Habibganj is served by Habibganj railway station which was renamed as "Rani Kamalapati railway station" in 2021. The station is located 7 km away from . It lies on the New Delhi–Chennai main line of the Indian Railways. It serves as a secondary station to Bhopal Junction railway station. 16 passenger trains originate from or terminate at this station in a week. 107 passenger trains halt at this station in a week.

The railway station was redeveloped on the lines of Germany’s Heidelberg railway station and is promoted as India’s first world-class station. The station now has various facilities like a large covered parking area, 24X7 power backup, drinking water, an air-conditioned lobby, offices, shops, high speed escalator, a lift, anchor stores, automobile showrooms, a convention centre, a hotel and a super speciality hospital.

The redeveloped railway station has received a GEM 5 star rating in GEM Sustainability Certification by ASSOCHAM for Green, sustainable design and eco-friendly project. The station has planned an extensive reuse of water with Zero discharge technology being utilised for sewage treatment systems.
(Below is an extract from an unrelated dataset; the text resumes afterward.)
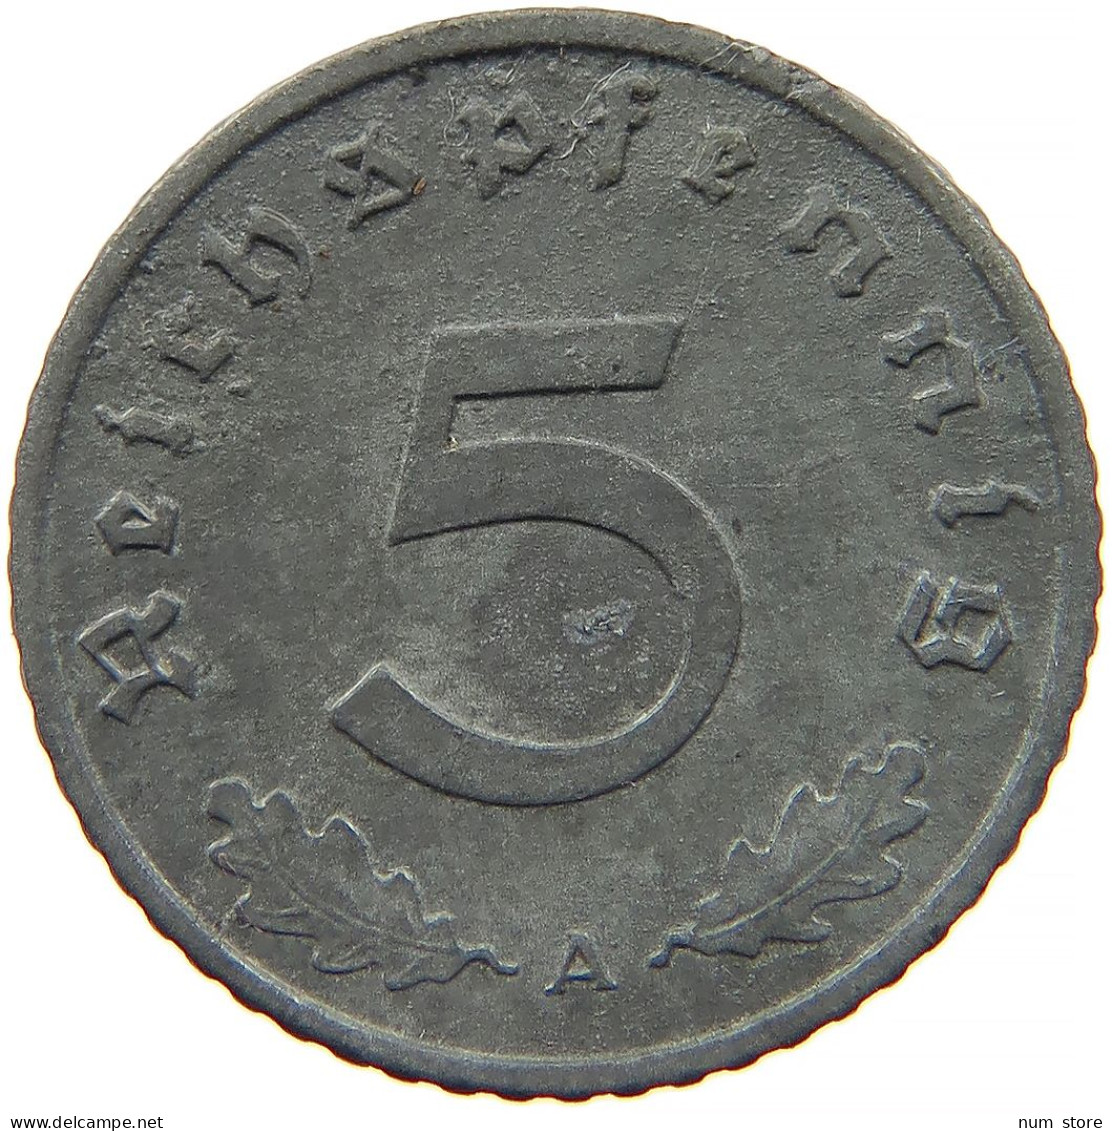 GERMANY 5 REICHSPFENNIG 1942 A #s091 0959 - 5 Reichspfennig

A provision for rainwater harvesting is also present at the station. To ensure clean energy, solar energy generation is implemented in the station. Around 6800 and 7300 square metres are identified for soft and hard landscaping respectively.

==BHEL township==
Habibganj has a township of Bharat Heavy Electricals Limited (BHEL). It is an Indian central public sector undertaking and the largest government-owned power generation equipment manufacturer.